Fungal infections pose a serious threat to human life and health, especially among immunocompromised patients, such as organ transplant patients, implanted medical devices, and those with indwelling catheters [1,2,3]. The Candida species such as C. albicans, C. glabrata, C. parapsilosis, C. tropicalis, and C. krusei are the main pathogens that may cause severe mucosal and systemic infections [2]. Effective antifungal drugs are the key to the treatment of Candida infections [4]. Azoles, such as fluconazole, itraconazole, posaconazole, and voriconazole are considered as the first-line treatment of patients with Candida infections [5,6]. However, the broad utilization of azoles has led to drug resistance, which is an increasing problem in clinic isolates [7,8]. Therefore, it is important to develop novel antifungal agents.

Composite antimicrobial materials are a new class of functional materials developed on the basis of composites, which usually consist of antimicrobial metals and inorganic or organic carriers. Antimicrobial metals are the key compositions in composite antimicrobial materials, and their ability varies greatly. Some studies in the literature report that inorganic nanoparticles, such as silver and ZnO, can be used as antifungal agents [9,10,11,12]. At present, silver antimicrobial materials are hot spot researched and widely used in medical catheters, bone adhesives, and other medical devices [13]. Polyoxometalates (POMs) are early transition metal oxygen anion clusters.
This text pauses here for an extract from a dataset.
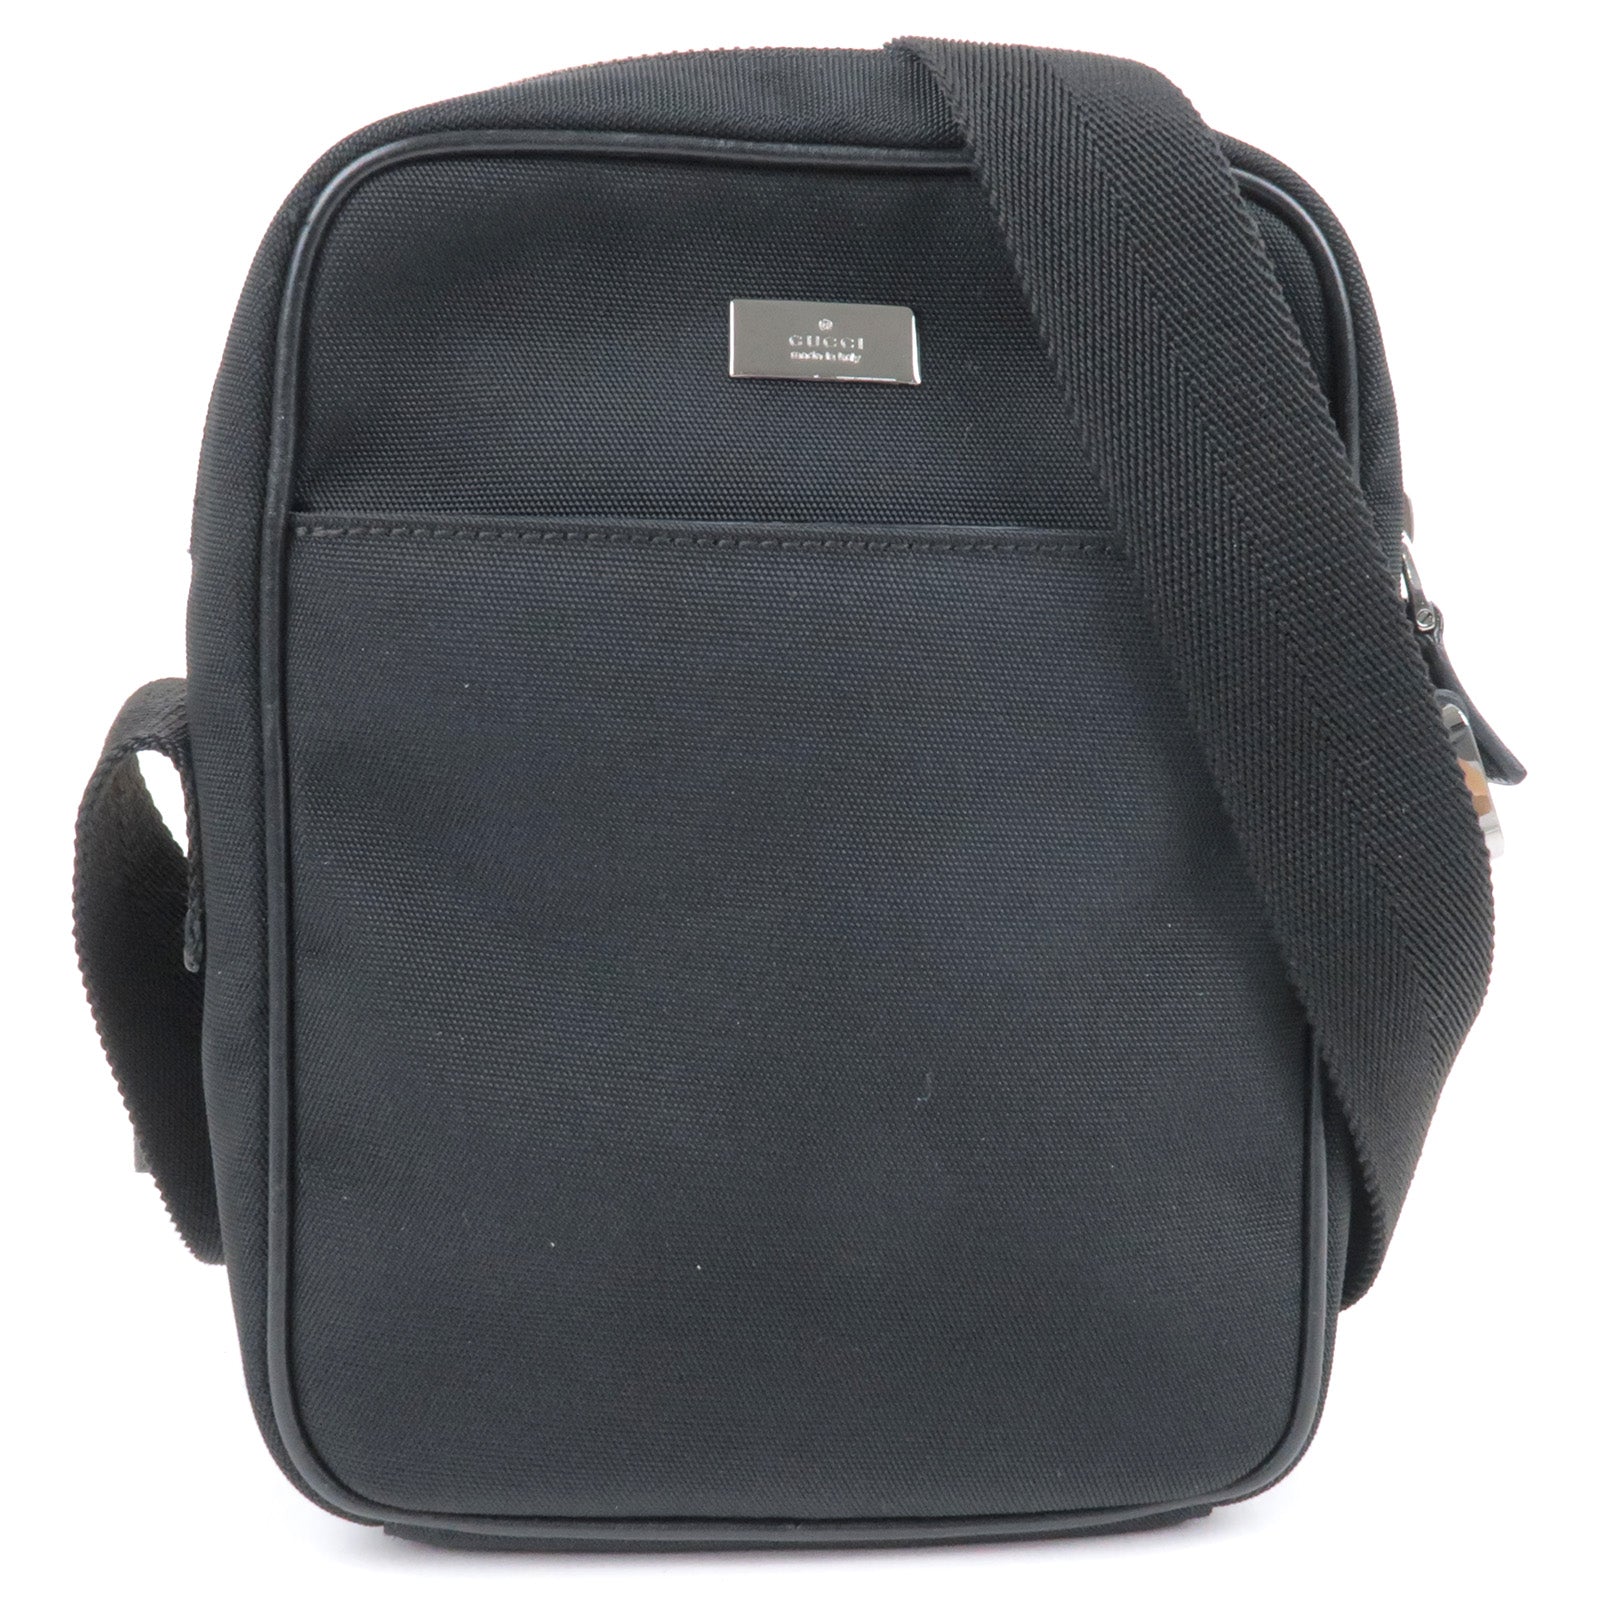 GUCCI-Nylon-Canvas-Leather-Shoulder-Bag-Purse-Black-122754

They have received wide attention because of their versatile structures and various applications in chemistry, materials science, redox, and medicine [14,15,16,17,18]. So far, various biological effects of POMs have been reported, such as penetrating cell walls, inducing cell-apoptosis, inhibition of virus binding to a receptor, and inhibition of the bacterial growth [19]. For example, Yamase et al. found that the polyoxotungstates with Keggin, lacunary Keggin, Wells–Dawson, double-Keggin, and Keggin–sandwich structures enhanced the antibacterial activity of β-lactam antibiotics on drug-resistant Staphylococcus aureus [17,19,20,21]. With regard to the antifungal activity of POMs, we and other groups found that polyoxotungstates has antifungal activity against various Candida species and agricultural fungal pathogens [22,23]. Thus, we hypothesize that the combination of silver and polyoxotungstates may product new composites with antifungal properties.
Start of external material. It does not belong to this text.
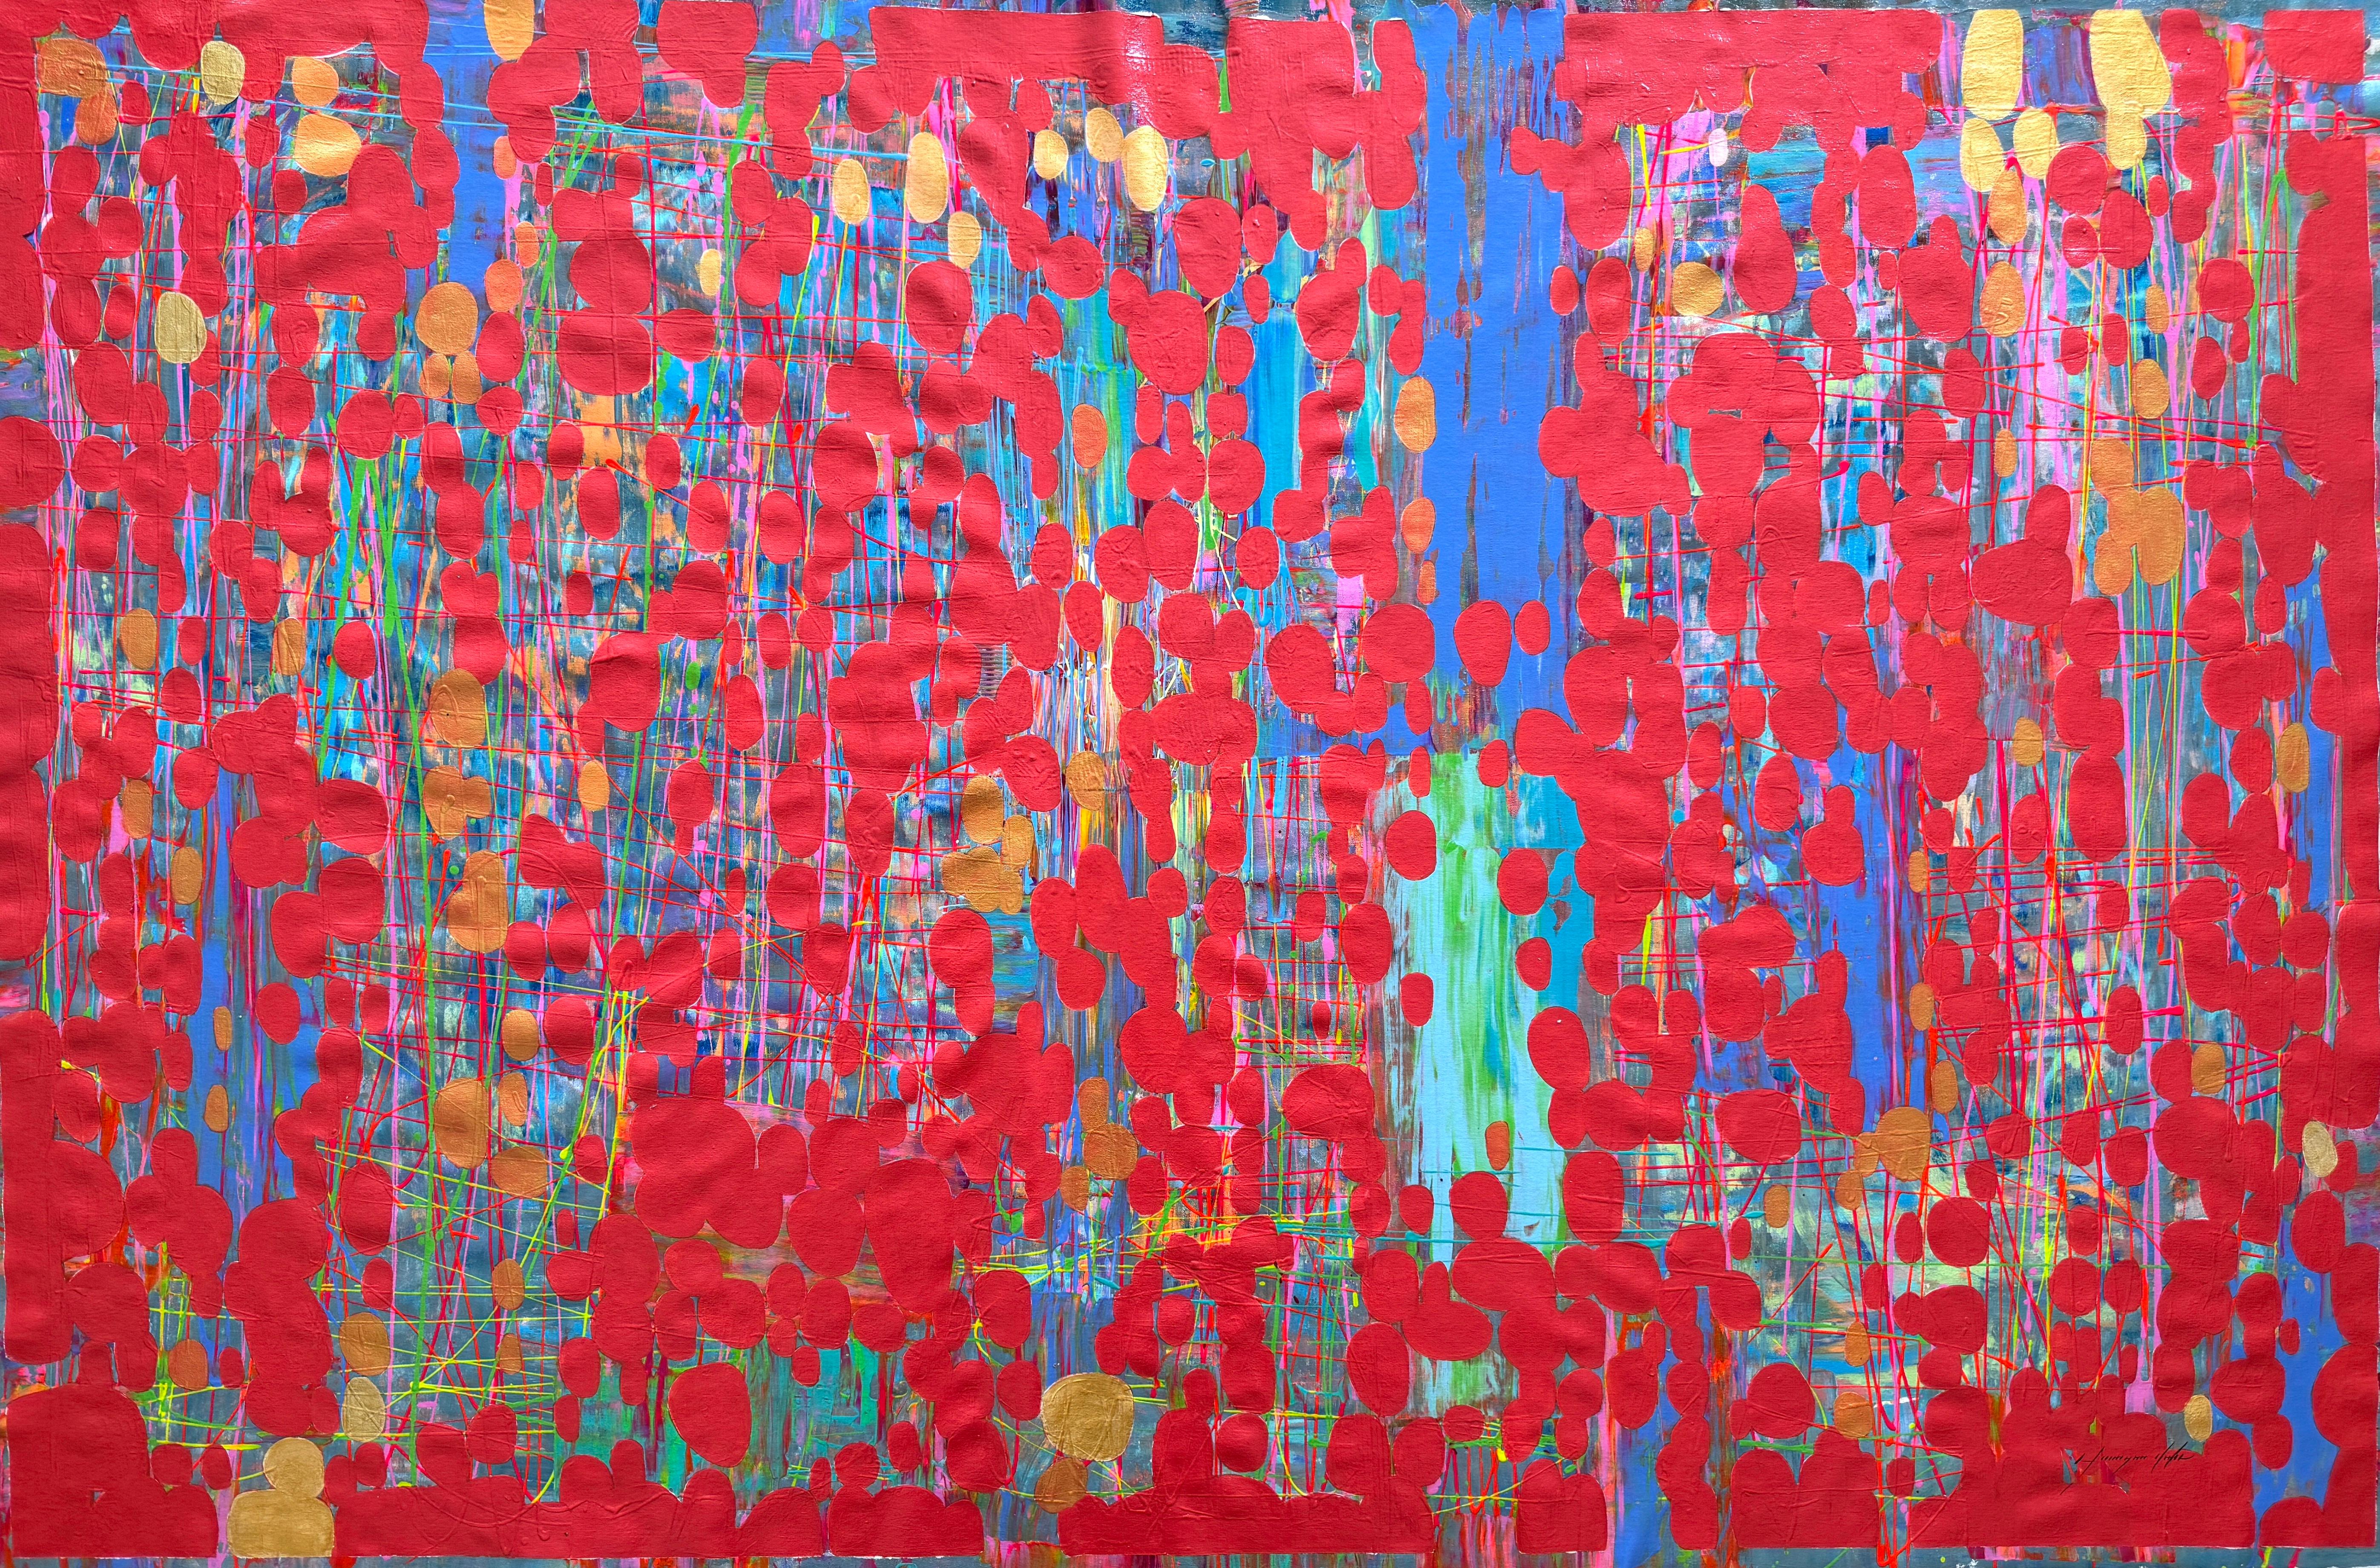 Red Shade, Abstract Original Painting, Ready to Hang

In a recent report, we described the antibacterial activity of Ag₃PW₁₂O₄₀ against Staphylococcus aureus and biofilm [23]. It is interesting to study the antimicrobial spectrum of Ag₃PW₁₂O₄₀. In this work, we demonstrate that Ag₃PW₁₂O₄₀ composites have antifungal activities against several strains of drugs-susceptible and resistant Candida species. We further show that the Ag₃PW₁₂O₄₀ composites can influence the ergosterol contents and related genes expressions of the FLC-resistant Candida strain.

2. Results

2.1. Characterization of Ag₃PW₁₂O₄₀ Composites

The Ag₃PW₁₂O₄₀ composites were identified by FT-IR spectrum, TEM, XRD, and SEM. TEM and SEM images indicated the Ag₃PW₁₂O₄₀ composites form aggregates of a symmetric dodecahedral shape (Figure 1a–d), having an average diameter about 1.6 μm (Figure 1e). The surface zeta potential was measured as −29.0 ± 2.3 mV. The formation of Ag₃PW₁₂O₄₀ composites are confirmed from the X-ray diffraction pattern (Figure 1f). The crystal structure of Ag₃PW₁₂O₄₀ composites are the same as the reported H₃PW₁₂O₄₀ powder pattern (JCPDS Card File75-2125) [24]. It could be said that silver salts retained the lattice framework present in the parent acid, and there was no significant change in the crystal structure for the Ag₃PW₁₂O₄₀ salt preparations process.

The FT-IR spectrum of Ag₃PW₁₂O₄₀ has the characteristic asymmetric stretching vibration peaks at 1002, 952, 883, 771, 586, and 516 cm⁻¹, which were attributed to ν(W-O_terminal) and ν(W-O_bridge-W) of polyoxoanion, as shown in Figure 1g. The characteristic peaks of Ag₃PW₁₂O₄₀ were nearly consistent with the reported H₃PW₁₂O₄₀ date in the literature. The other strong features at 3448 cm⁻¹ were assigned to the water molecules.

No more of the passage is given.